To evaluate the performance of the various regression models, I utilized multiple evaluation metrics and performed both internal and external validation of the models. For internal validation, I split the original dataset into a training and validation set to fine-tune the hyperparameters of each model. I used a 70%/30% split for the training and validation sets. For the training set, I fit each regression model (linear regression, lasso regression, ridge regression, elastic net regression, random forest regression, gradient boosting regression) and tuned the hyperparameters, such as the alpha and lambda values for regularization, number of trees and depth for ensemble methods, etc. using grid search cross-validation on the training set only.
This gave me optimized hyperparameters for each model that were specifically tailored to the training dataset. I then used these optimized models to make predictions on the held-out validation set to get an internal estimate of model performance during the model selection process. For model evaluation on the validation set, I calculated several different metrics including:
Mean Absolute Error (MAE) – to measure the average magnitude of errors in a set of predictions, without considering their direction. This metric identifies the average error independent of direction, penalizing all the individual differences equally.
Mean Squared Error (MSE) – the average squared difference between the estimated values and the actual value. MSE is a risk function, corresponding to the expected value of the squared error loss. It measures the average of the squares of the errors – the average squared difference between the estimated values and actual value. MSE penalizes larger errors, comparing them to smaller errors. This metric is highly sensitive to outliers.
Root Mean Squared Error (RMSE) – corresponds to the standard deviation of the residuals (prediction errors). RMSE serves to aggregate the magnitudes of the errors in predictions for various cases in a dataset. It indicates the sample standard deviation of the differences between predicted values and observed values. RMSE penalizes larger errors more, so it indicates the error across different cases.
R-squared (R2) – measures the closeness of the data points to the fitted regression line. It is a statistical measure that represents the proportion of the variance for a dependent variable that is explained by an independent variable or variables in a regression model. R2 ranges from 0 to 1, with higher values indicating less unexplained variance. R2 of 1 means the regression line perfectly fits the data.
By calculating multiple performance metrics on the validation set for each regression model, I was able to judge which model was performing the best overall on new, previously unseen data during the internal model selection process. The model with the lowest MAE, MSE, and RMSE and highest R2 was generally considered the best model internally.
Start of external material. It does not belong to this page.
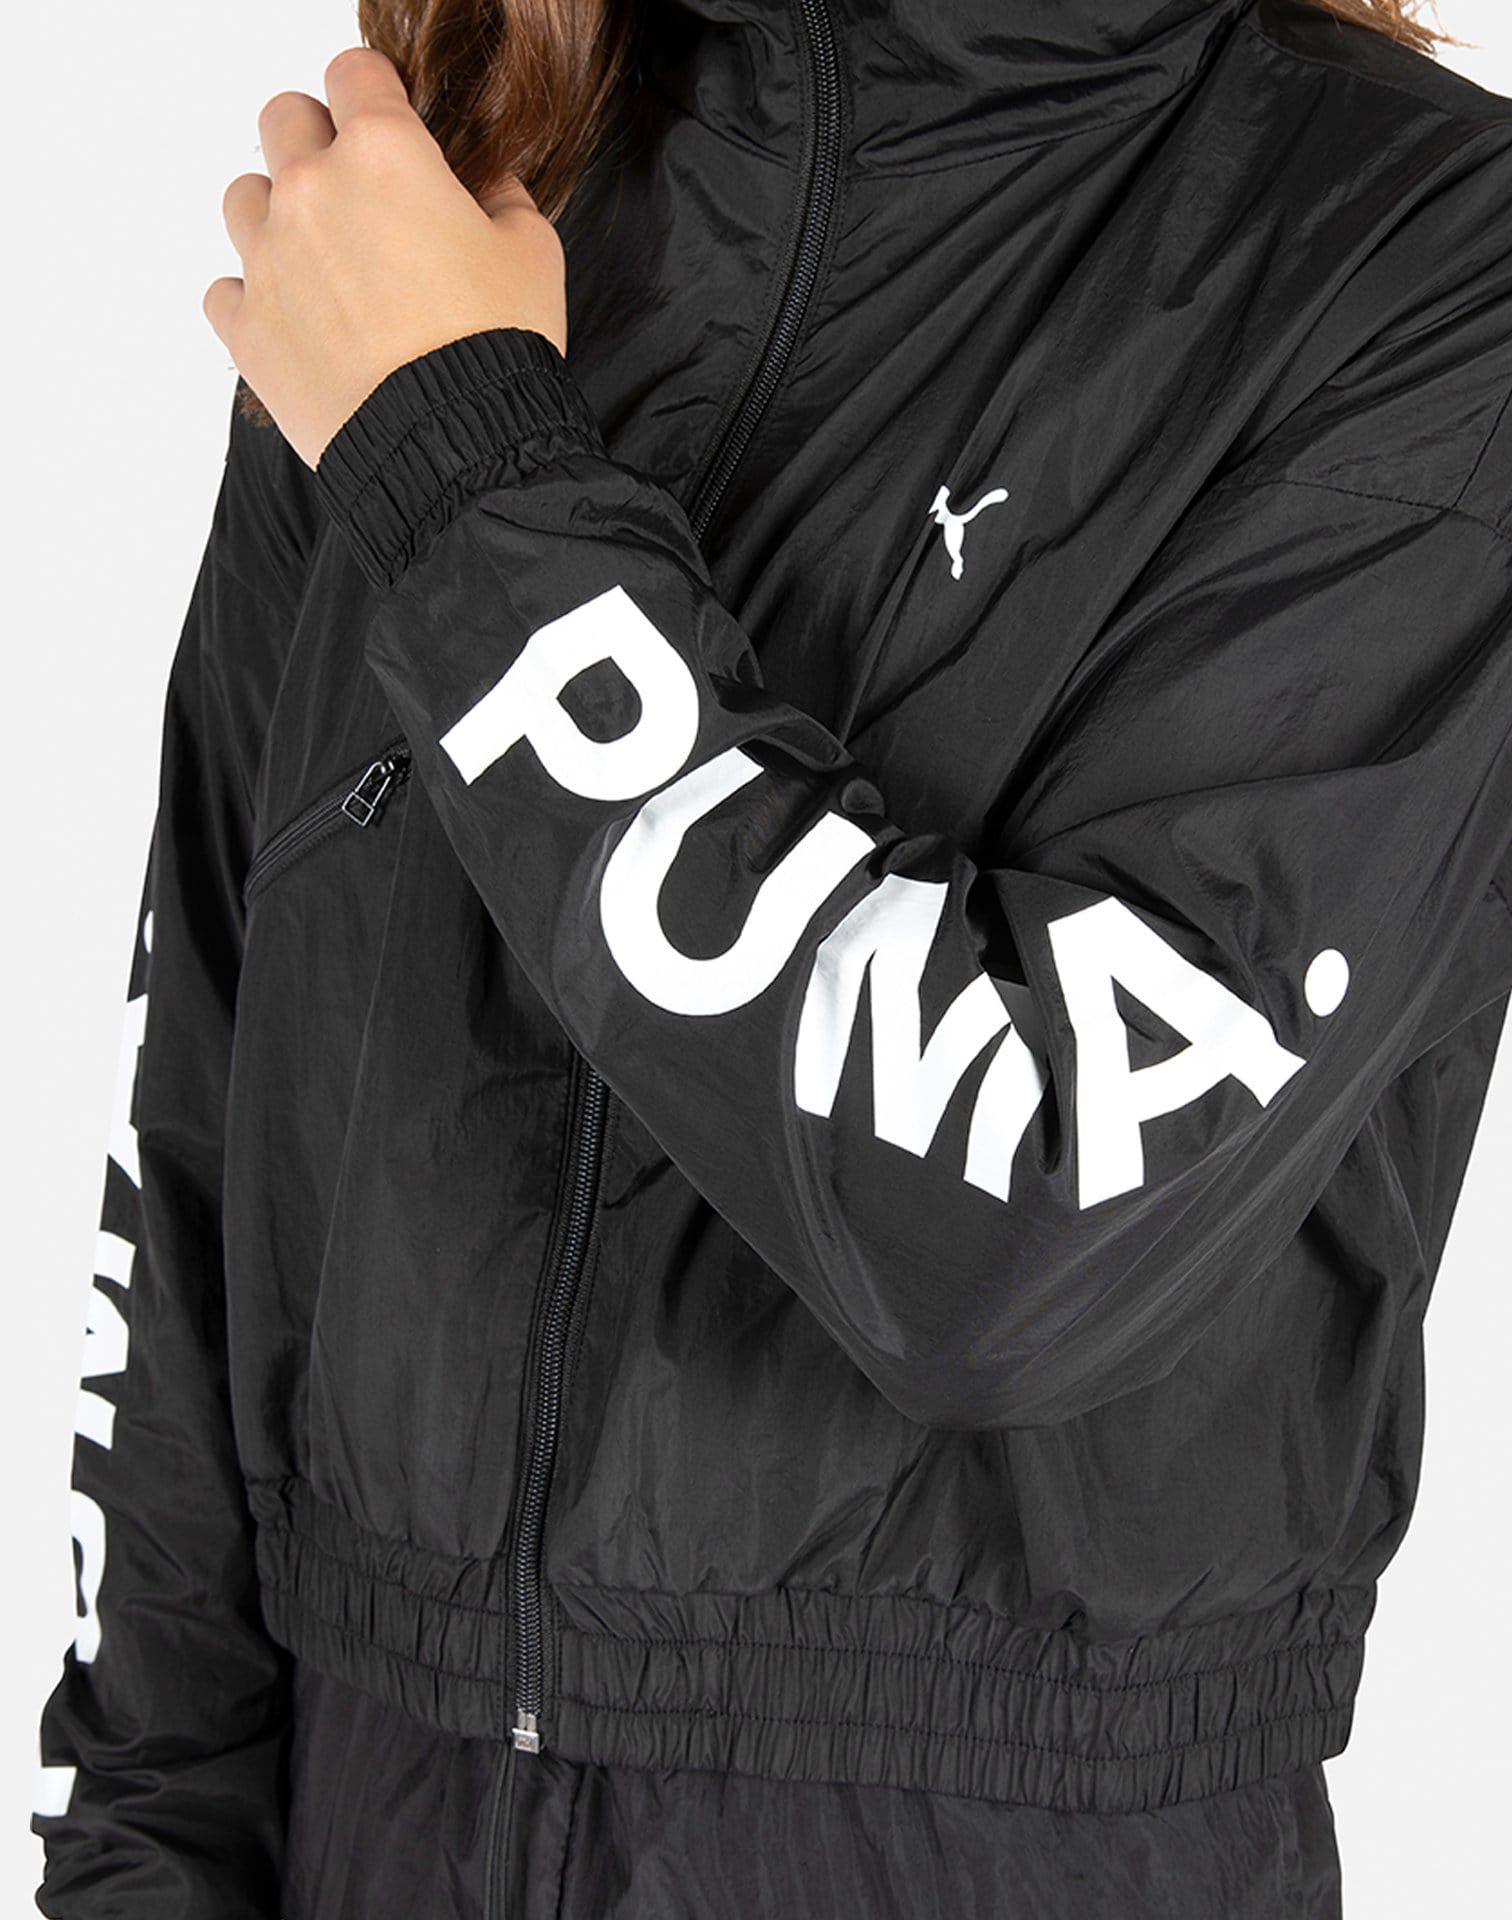 PUMA Women's Chase Woven Jacket

In addition to internal validation, I also performed external validation by randomly removing 20% of the original dataset as an external test set, making sure no data from this set was used in any part of the model building process – neither for training nor validation. I then fit the final optimized models on the full training set and predicted on the external test set, again calculating evaluation metrics. This step allowed me to get an unbiased estimate of how each model would generalize to completely new data, simulating real-world application of the models.
Some key points about the external validation process:
The test set remained untouched during any part of model fitting, tuning, or validation
The final selected models from the internal validation step were refitted on the full training data
Performance was then evaluated on the external test set
This estimate of out-of-sample performance was a better indicator of true real-world generalization ability
By conducting both internal validation by splitting into training and validation sets, as well as external validation using a test set entirely separated from model building, I was able to more rigorously and objectively evaluate and compare the performance of different regression techniques. This process helped me identify not just the model that performed best on the data it was trained on, but more importantly, the model that was able to generalize best to new unseen examples, giving the most reliable predictive performance in real applications. The model with the best and most consistent performance across internal validation metrics, and external test set evaluation was selected as the optimal regression algorithm for the given problem and dataset.
This systematic process of evaluating regression techniques using multiple performance metrics on internal validation sets as well as truly external test data, allowed for fair model selection based on reliable estimates of true out-of-sample predictive ability. It helped guard against issues like overfitting to the test/validation data, and pick the technique that was robustly generalizable rather than just achieving high scores due to memorization on a specific data split. This multi-stage validation methodology produced the most confident assessment of how each regression model would perform in practice on new real examples.